[WHAT IS EXPECTED] Exact reproduction of the listing is required. Pictures are not reproduced.

[INPUT DATA]
□ □ □ □ □ □ □
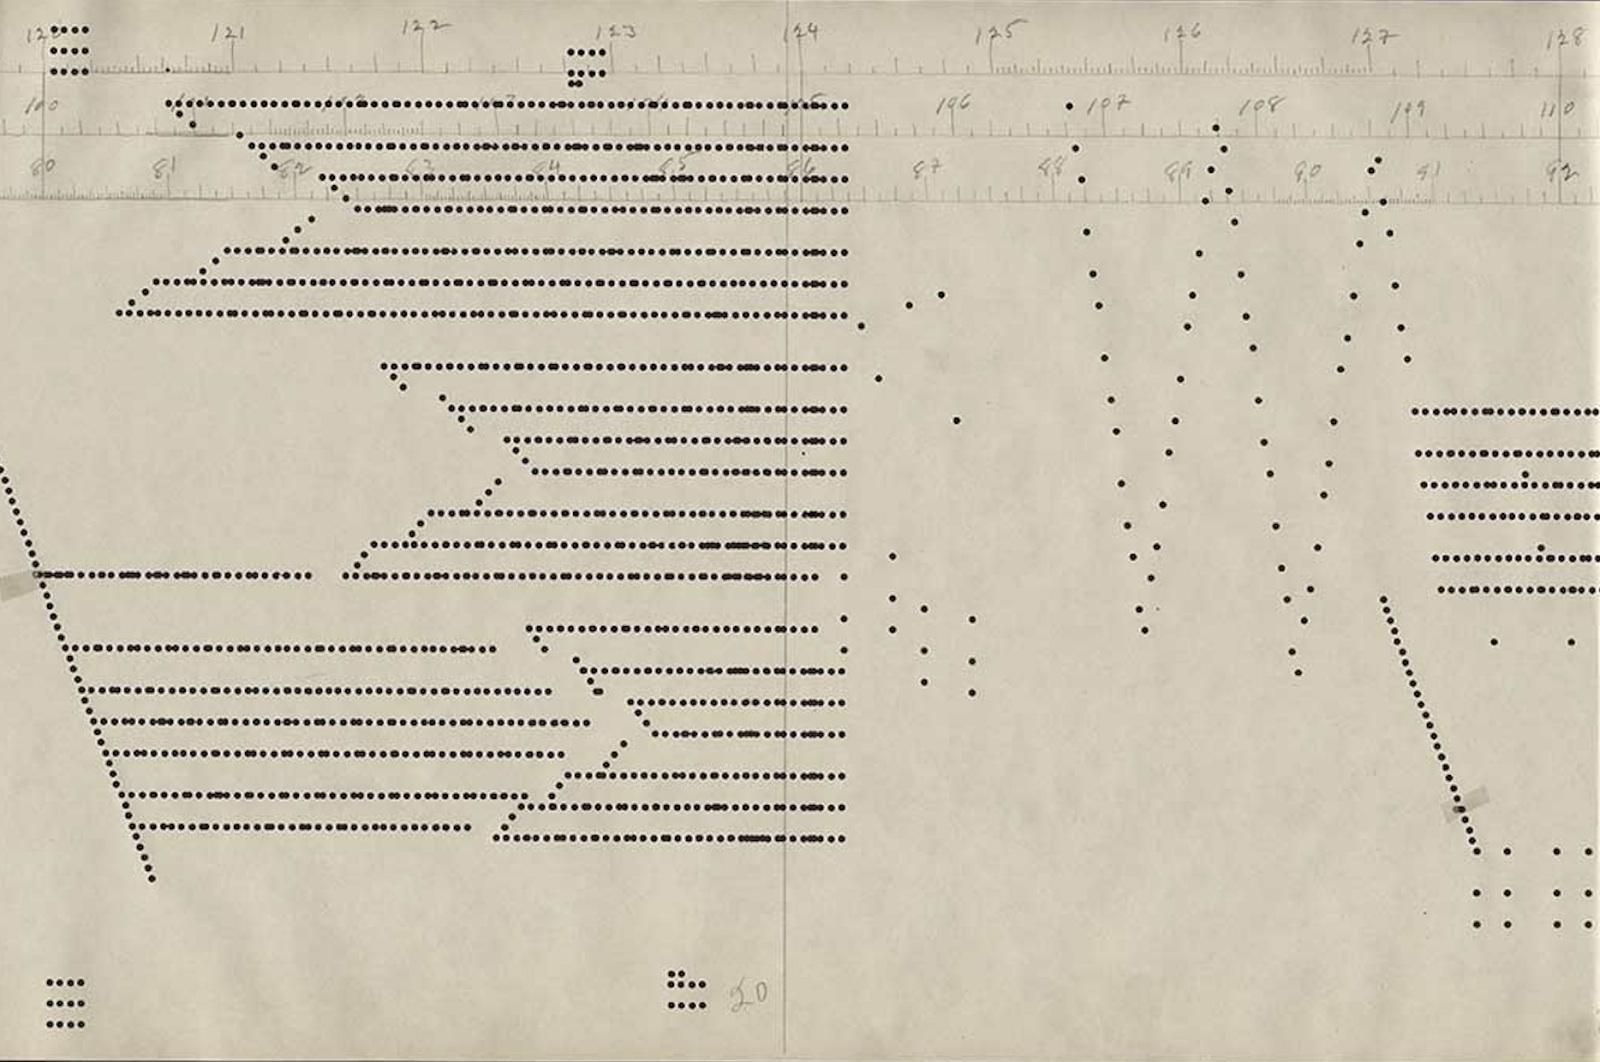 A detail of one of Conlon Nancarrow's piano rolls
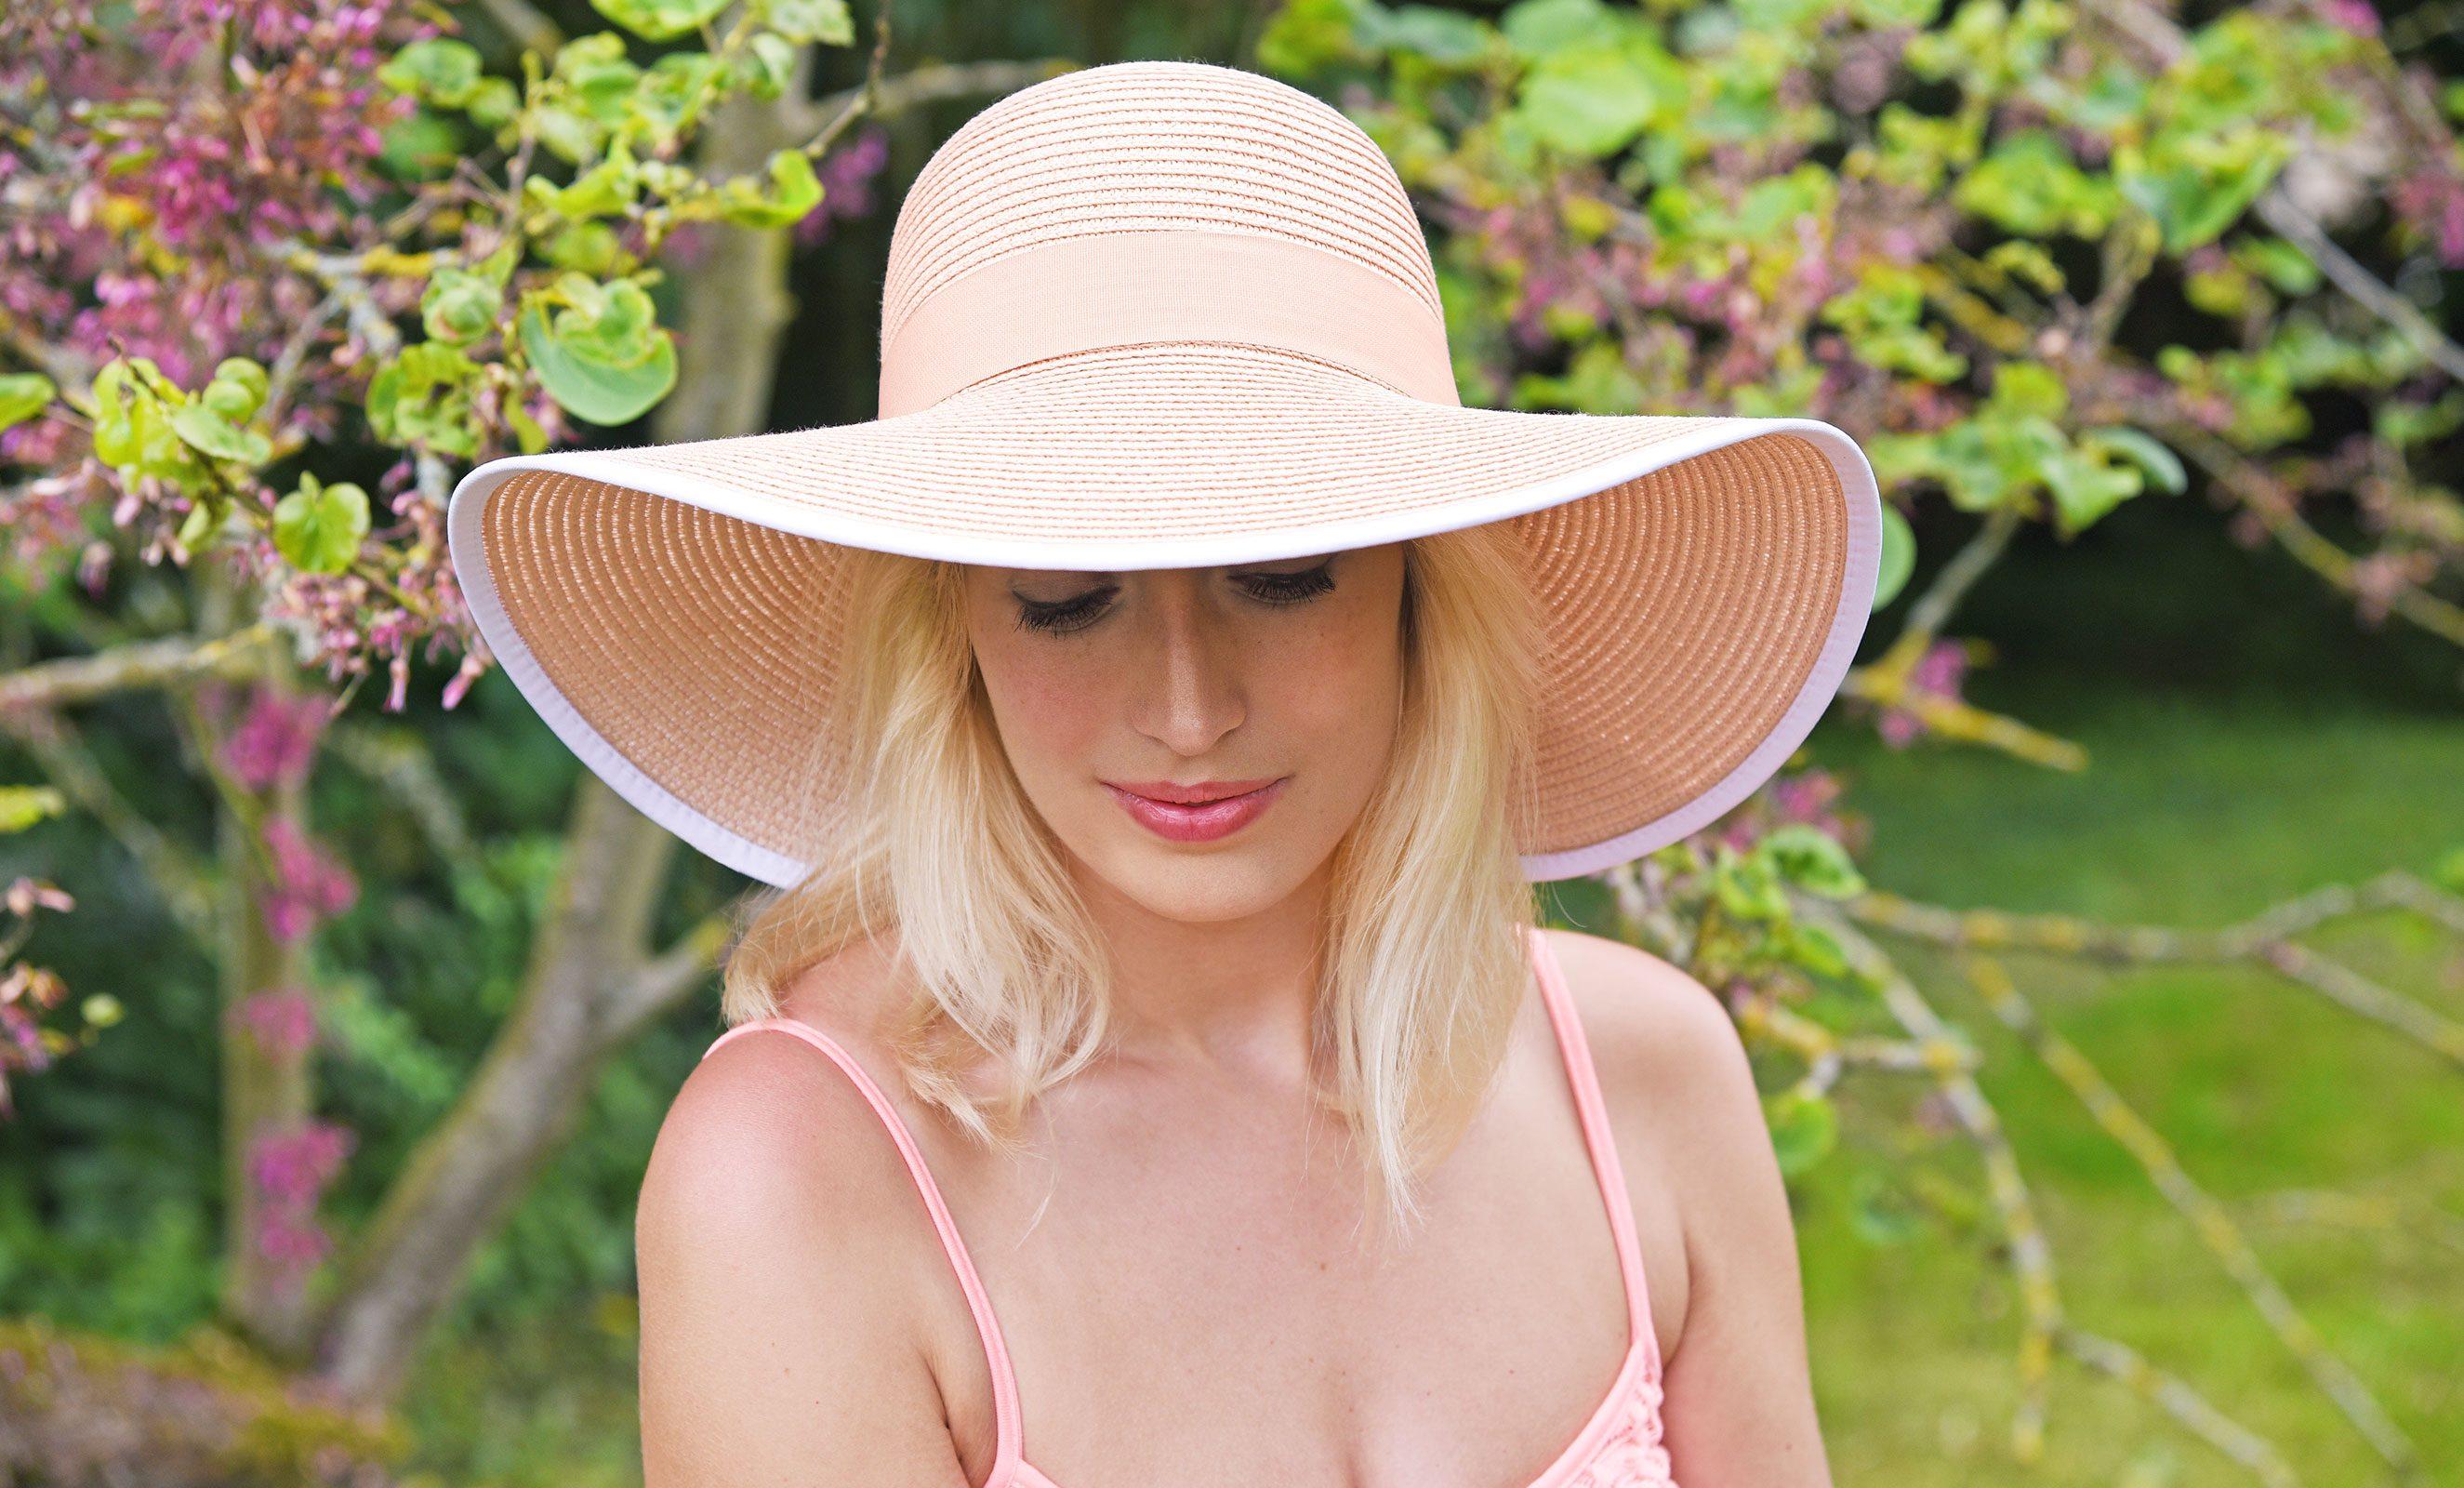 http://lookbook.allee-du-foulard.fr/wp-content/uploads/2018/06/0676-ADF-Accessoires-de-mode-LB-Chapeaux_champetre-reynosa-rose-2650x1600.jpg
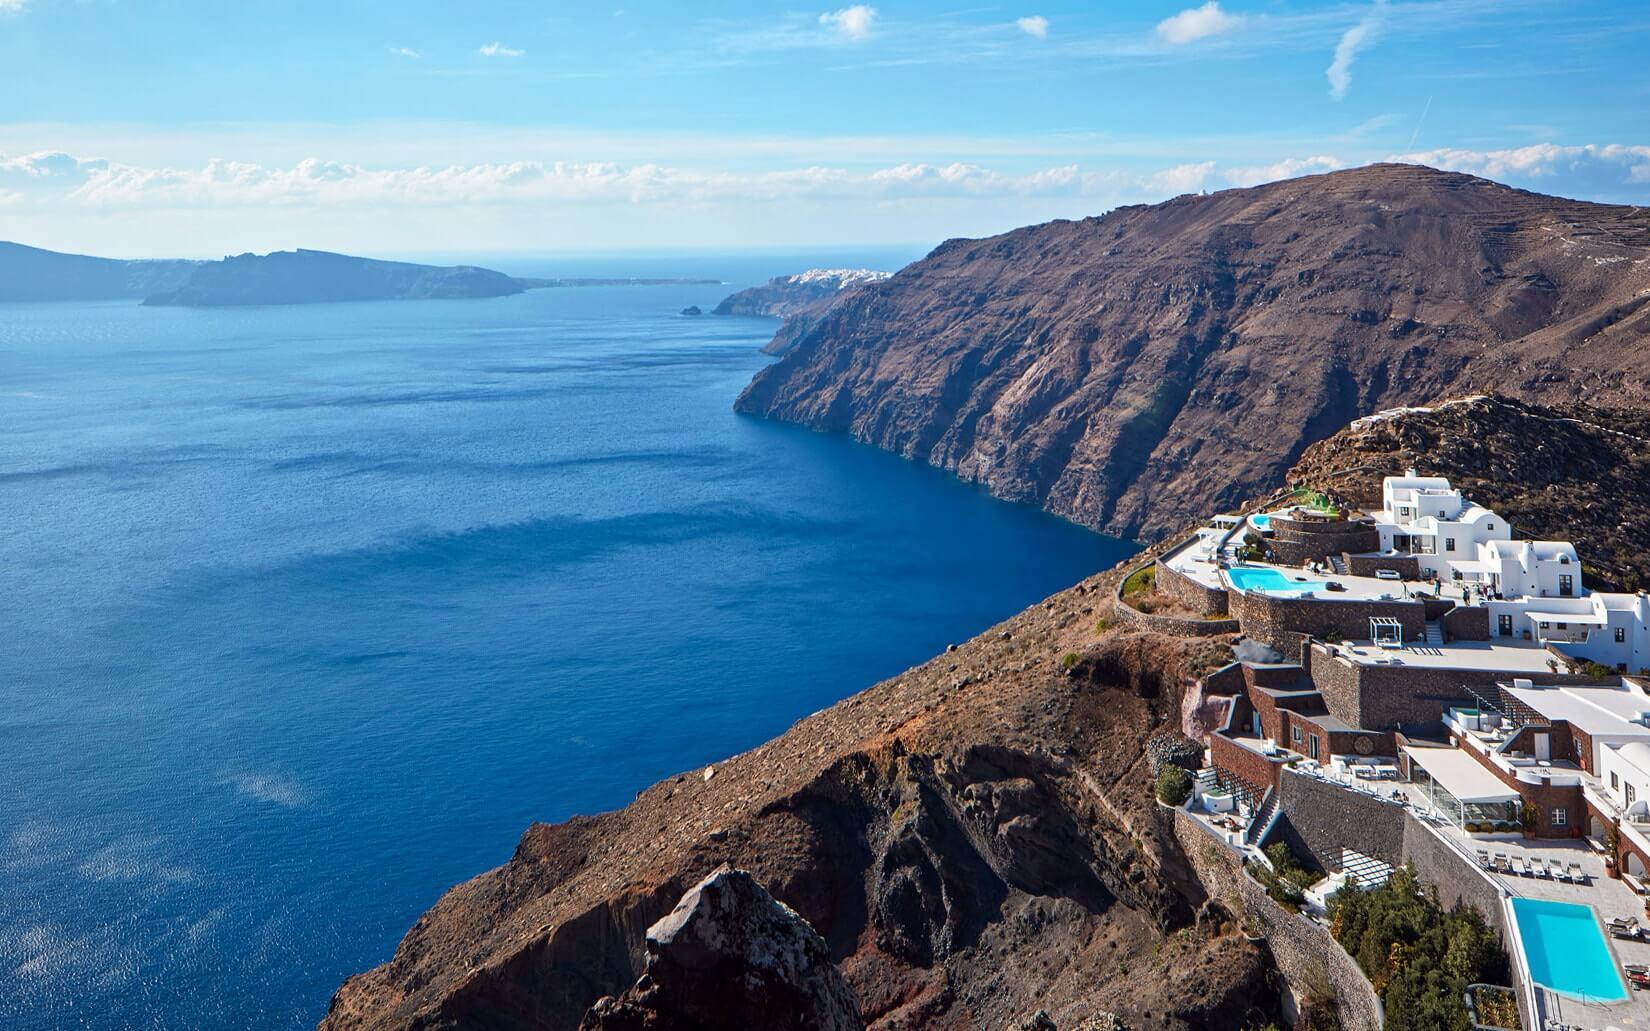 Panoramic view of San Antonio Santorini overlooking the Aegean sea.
□ □ □ □ □ □ □
[SOLUTION]
 A detail of one of Conlon Nancarrow's piano rolls
 http://lookbook.allee-du-foulard.fr/wp-content/uploads/2018/06/0676-ADF-Accessoires-de-mode-LB-Chapeaux_champetre-reynosa-rose-2650x1600.jpg
 Panoramic view of San Antonio Santorini overlooking the Aegean sea.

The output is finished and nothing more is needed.